Measles seroprevalence after reactive vaccination campaigns during the 2015 measles outbreak in four health zones of the former Katanga Province, Democratic Republic of Congo

Affiliations

Measles seroprevalence after reactive vaccination campaigns during the 2015 measles outbreak in four health zones of the former Katanga Province, Democratic Republic of Congo

Patrick Keating et al. BMC Public Health. .

Abstract

Background: Measles continues to circulate in the Democratic Republic of Congo, and the country suffered from several important outbreaks over the last 5 years. Despite a large outbreak starting in the former province of Katanga in 2010 and the resulting immunization activities, another outbreak occurred in 2015 in this same region.
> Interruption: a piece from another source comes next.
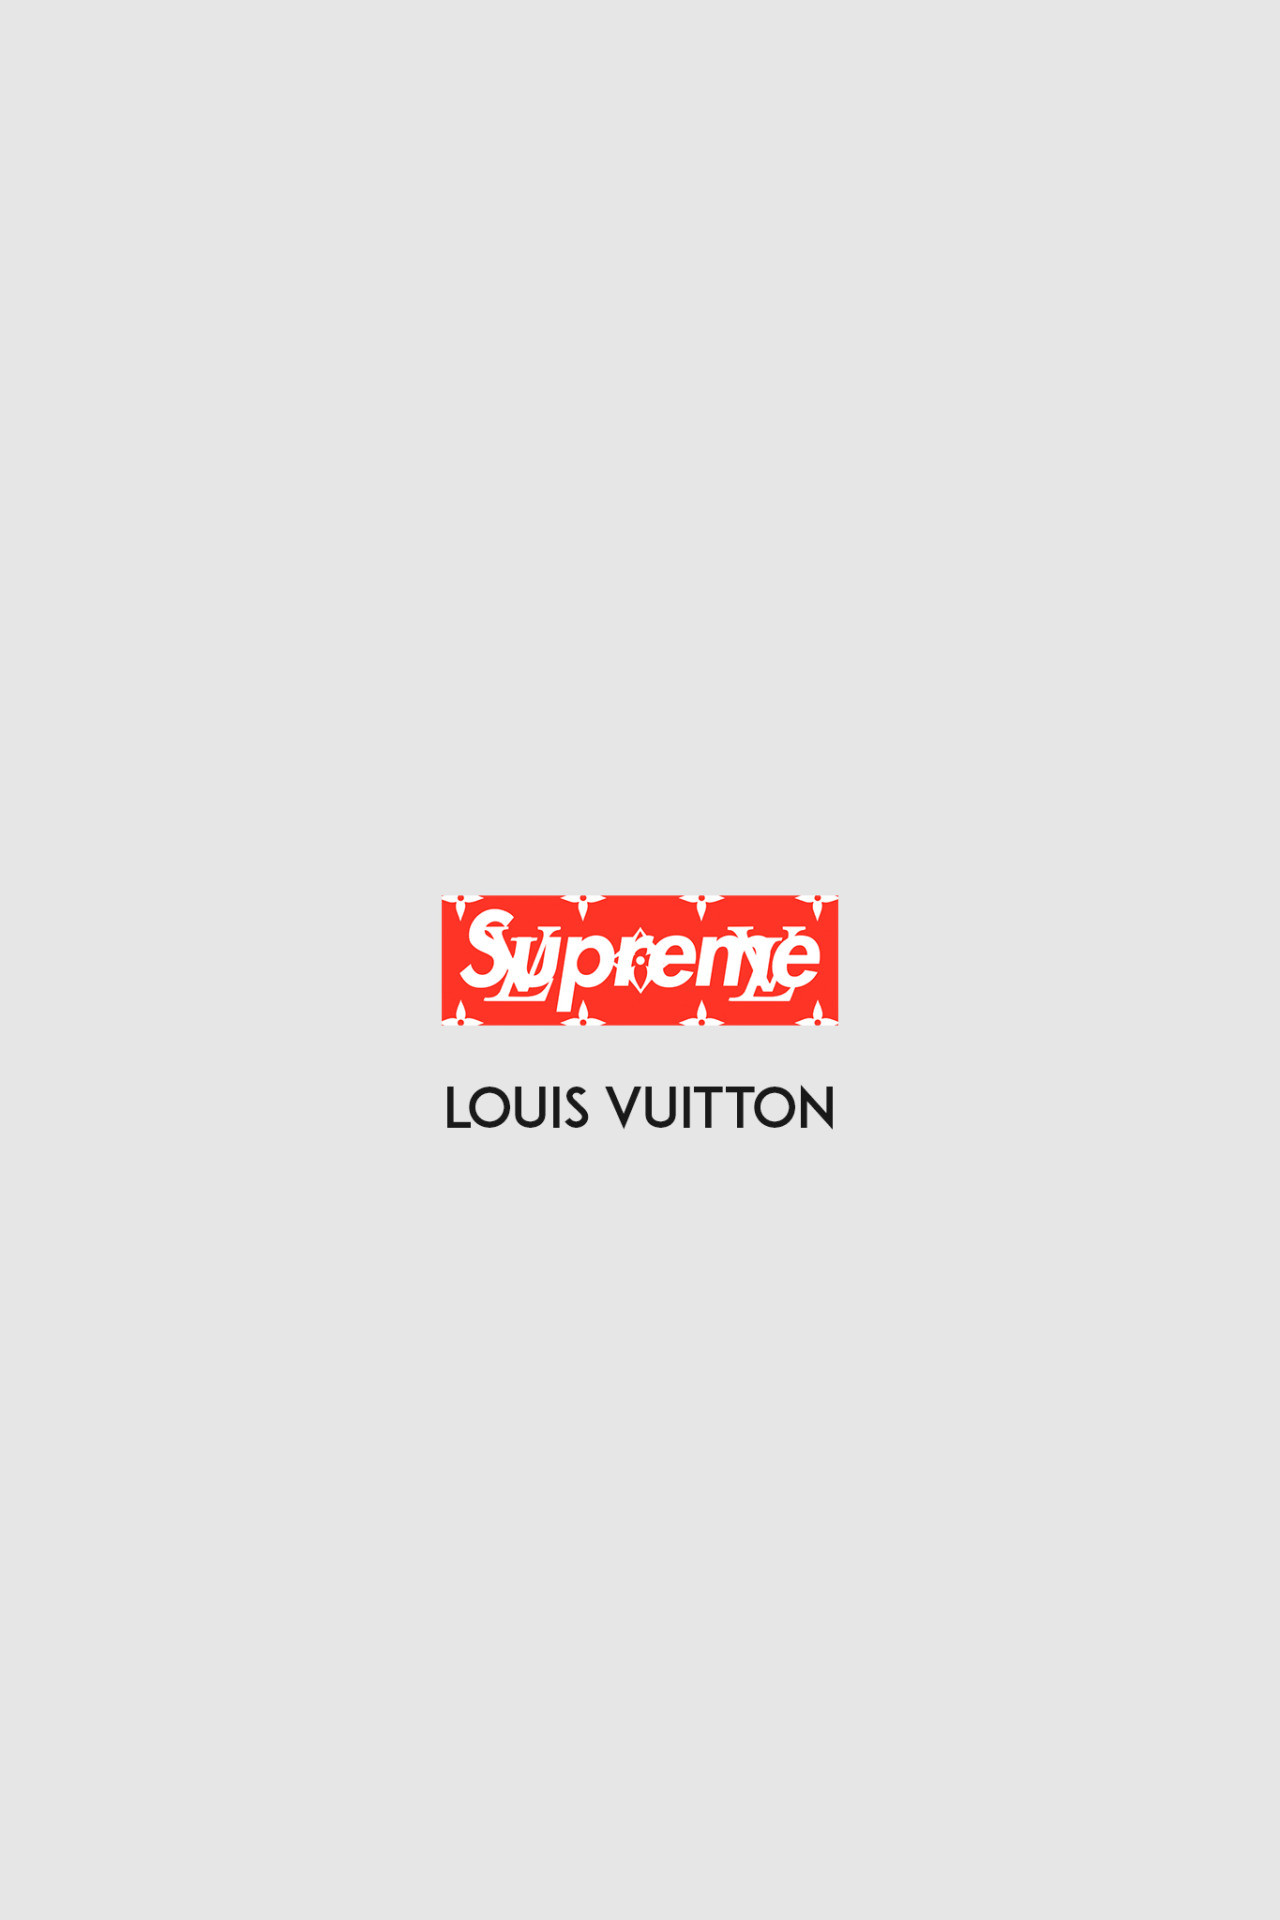 Supreme x Louis Vuitton wallpapers

We conducted measles seroprevalence surveys in four health zones (HZ) in the former Katanga Province in order to assess the immunity against measles in children 6 months to 14 years after the 2015 outbreak.

Methods: We conducted multi-stage cluster surveys stratified by age group in four HZs, Kayamba, Malemba-Nkulu, Fungurume, and Manono. The age groups were 6-11 months, 12-59 months, and 5-14 years in Kayamba and Malemba-Nkulu, 6-59 months and 5-14 years in Manono and Fungurume. The serological status was measured on dried capillary blood spots collected systematically along with vaccination status (including routine Extended Program of Immunization (EPI), and supplementary immunization activities (SIAs)) and previous self-reported history of suspected measles.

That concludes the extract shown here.